For a case to qualify as an assault, there must be a "physical injury", which is defined as impairment of "physical condition or substantial pain." In any New York assault case, the complaining witness must supply a supporting deposition which alleges impairment, or "substantial pain". Impairment of physical condition is defined as "a loss, loss of use, or derangement of any body part, organ system, or organ function. Guides to the Evaluation of Permanent Impairment (5th ed, 2000). A mere cursory statement that the complaintant suffered "substantial pain", is insufficient to support an allegation for assault in the third degree. "Substantial pain" has been strictly construed by the criminal courts and if an objective level of injury is not demonstrated, the charges must be dismissed as a matter of law.

The criminal courts have routinely held that minor injuries are insufficient to constitute an assault. Minor superficial soft tissue injuries are not sufficient to establish an injury sufficient to support a charge of assault in the third degree. In re Jose B., 47 A.D.3d 461 ( N.Y.A.D. 1 Dep't. 2008). In People v Jimenez, 55 N.Y.2d 895 (1982), the court dismissed a complaint of assault where the complaining witness sustained only a one centimeter cut above the lip. In People v. Ruttenbur, 112 A.D.2d 13 (1985), superficial scratches were held insufficient to sustain a charge of assault in the third degree. In People v. Contreras, 108 A.D.2d 627 (N.Y.A.D. 1 Dep't 1985), the court held that a small abrasion requiring one stitch was insufficient to satisfy the injury element of assault in the third degree. In Baksh, the Court reversed a conviction for lack of an injury, where, the victim had only cuts with no stitches. People v. Baksh, 43 A.D.3d 1072 (N.Y.A.D. 2 Dep't 2007). Here, the alleged injury was less serious than the injury that the Court found to be insufficient in Contreras, where the complaining witness required stitches. Here, there were no stitches, as such, the laceration is insufficient to establish an injury which caused substantial pain.
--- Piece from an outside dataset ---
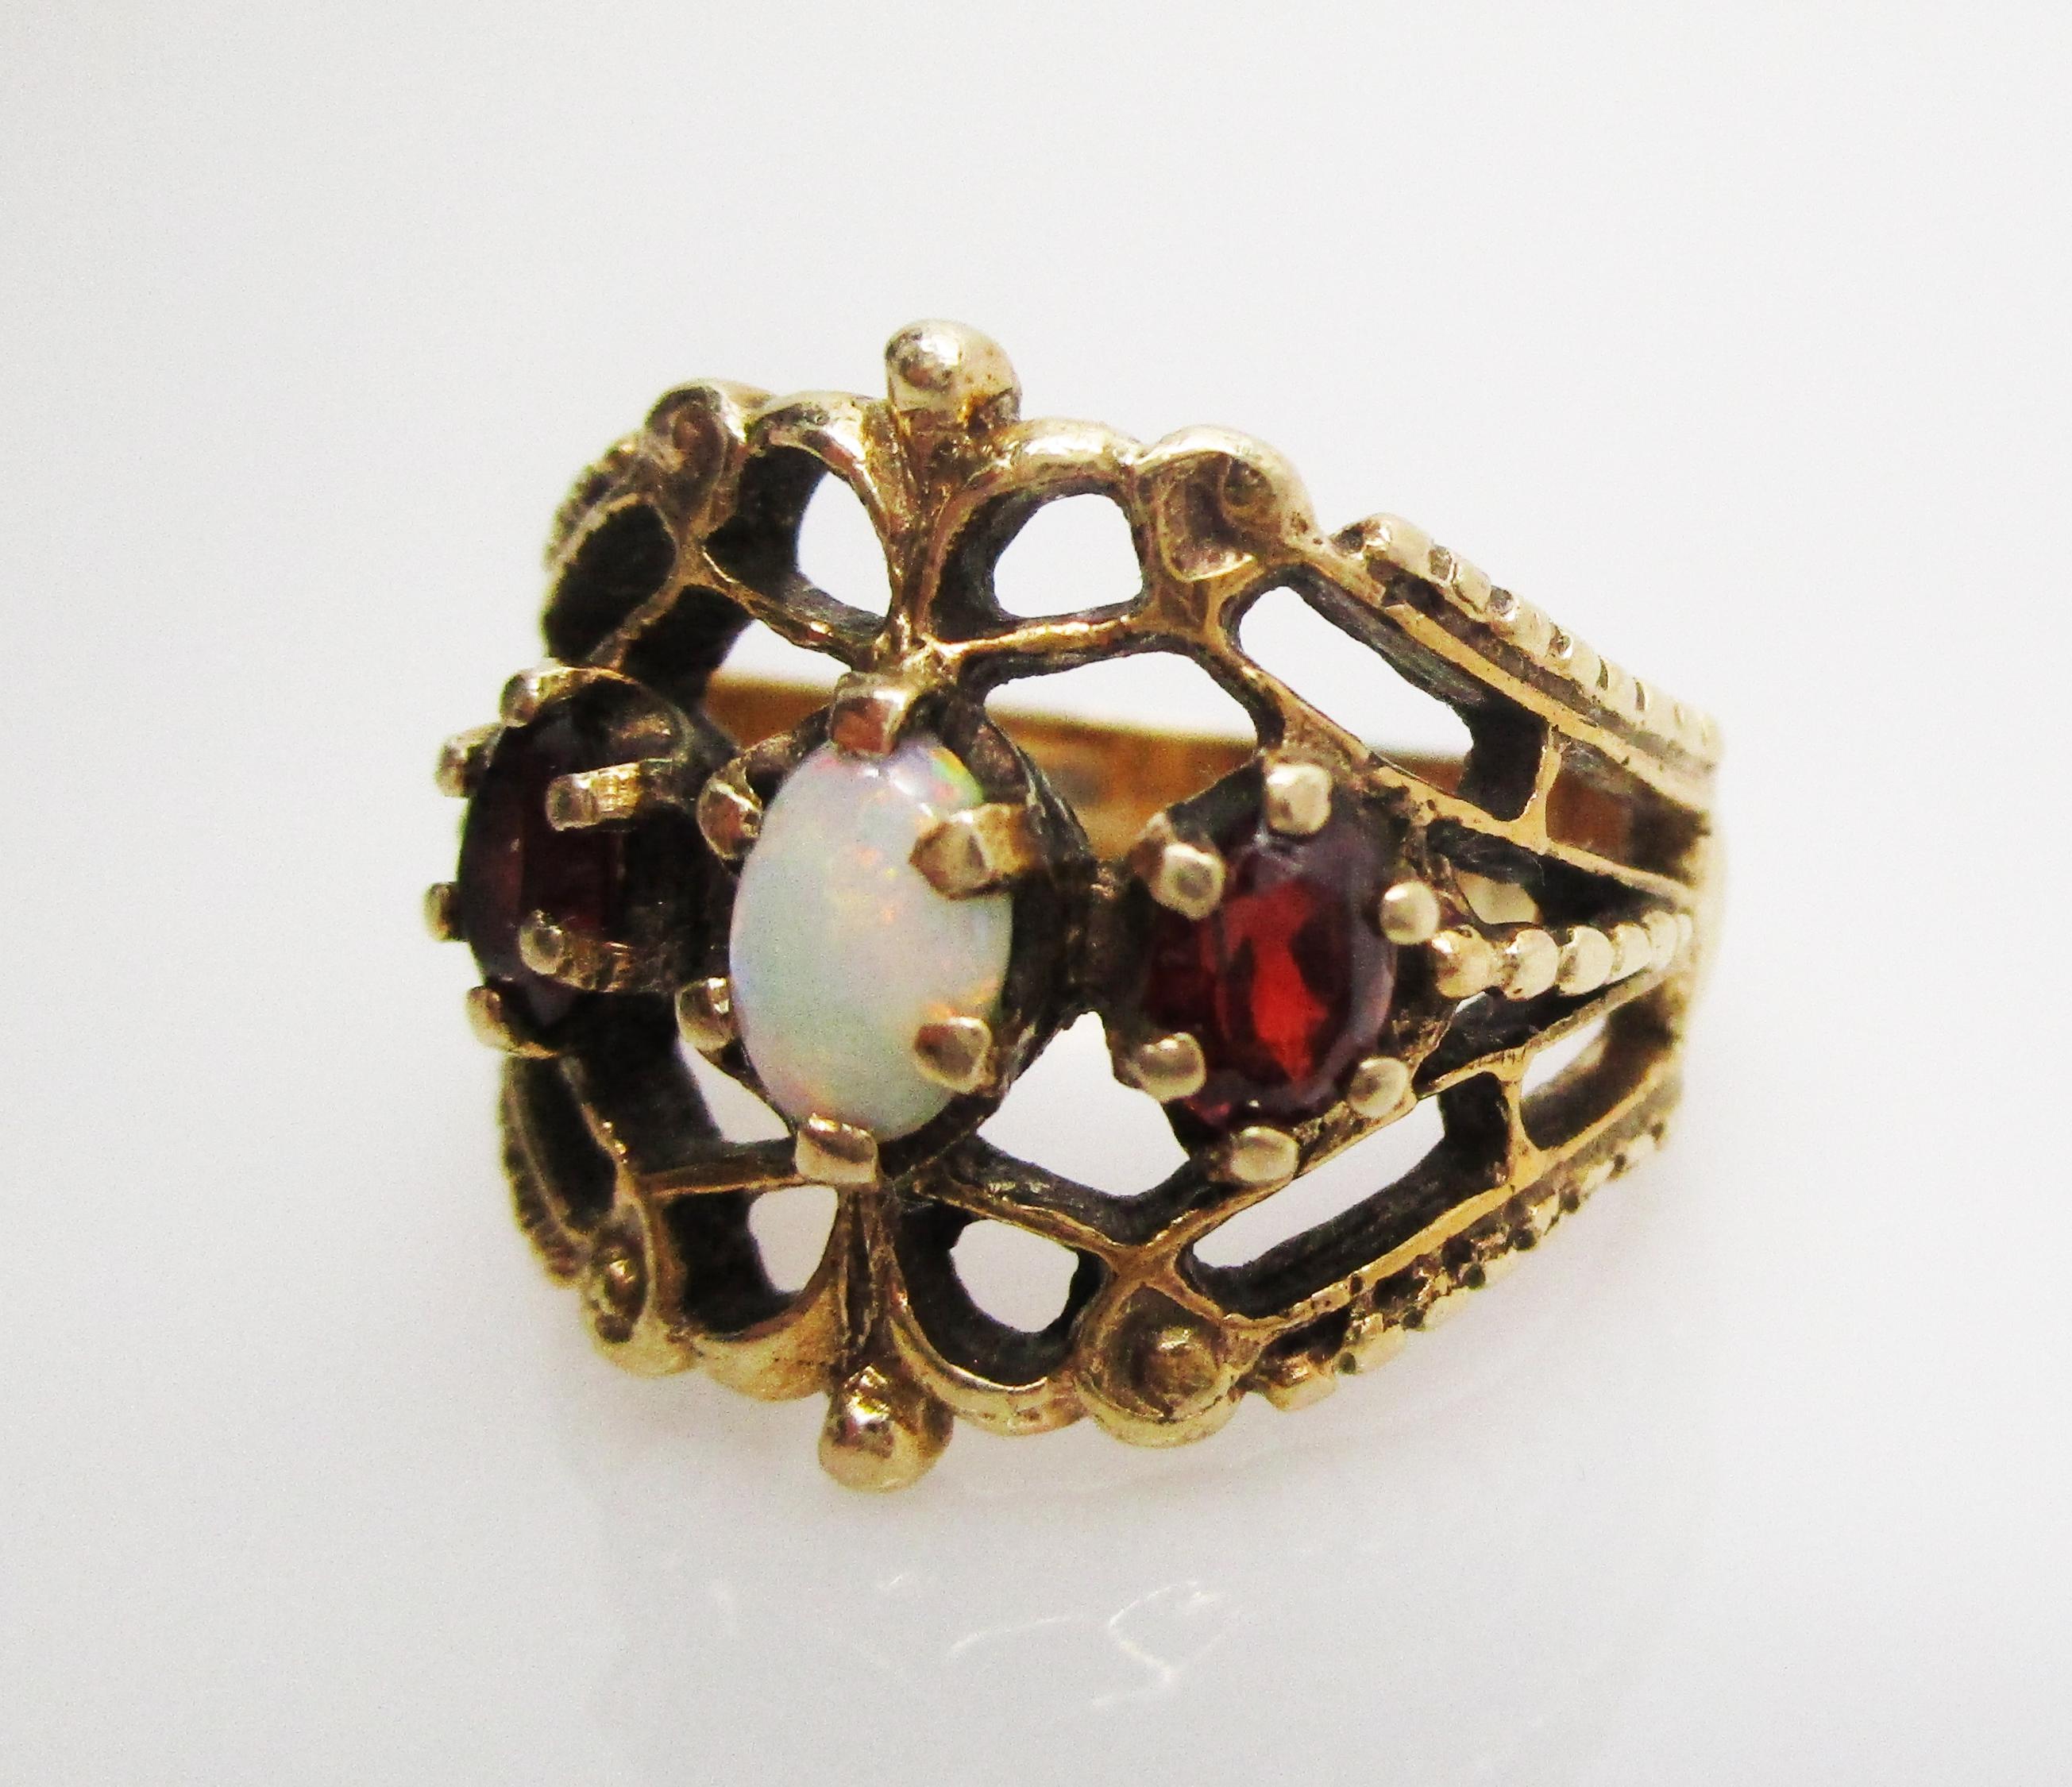 This is a fantastic 14k yellow gold ring featuring a stunning fiery white opal center stone flanked by two beautiful garnet side stones. The filigree design of the ring creates a unique silhouette that is reminiscent of a royal crown. The negative

The claim that the complaintent suffered a bruise and swelling is also insufficient to support a charge of assault. A minor soft tissue trauma is insufficient to support an accusation of assault in the third degree. In re Jose B., 47 A.D.3d 461 ( N.Y.A.D. 1 Dep't. 2008). A mere allegation that a complainant experienced swelling is insufficient to establish an injury. People v. Richmond, 36 A.D.3d 721 (N.Y.A.D. 2 Dep't. 2007). In People v. Oquendo, 134 A.D.2d 203 (N.Y.A.D. 1 Dep't 1987), the court held that bruises from punches without evidence of the blows' after affects are insufficient to support a conviction of assault.

Likewise, the complaining witness has failed to establish that she sustained an injury capable of causing pain that rose to the level of that required by the statute. Nor has she made a sufficient factual allegation of substantial pain. Where the complaining witness states she had severe pain, this is merely conclusory and unsupported by any facts. Where there is insufficient evidence from which a jury could infer that he suffered substantial pain, the charges should be dismissed.

Where the complaining witness fails to state the duration of the pain or that pain killing medication was necessary, they have failed to establish an injury. People v. Richmond, 36 A.D.3d 721 (N.Y.A.D. 2 Dep't. 2007). A mere allegation that a complainant experienced swelling is insufficient to establish an injury. In Matter of Philip A. 49 N.Y. 2d 198, 200 (1980), the court held that a red mark and some degree of pain from a punch in the face does not constitute "substantial pain". Similarly, the court in People v. McDowell, 28 N.Y.2d 373 (1971) held that a blackened eye without any suggestion of pain is insufficient to establish "physical injury". Likewise a mere allegation that a complaining witness had pain was insufficient where they treated their aches and pain with ice, Tylenol, and iodine, and stayed home from work for three or four days. People v. Briggs, 285 A.D.2d 651, (N.Y.A.D. 2 Dep't. 2001).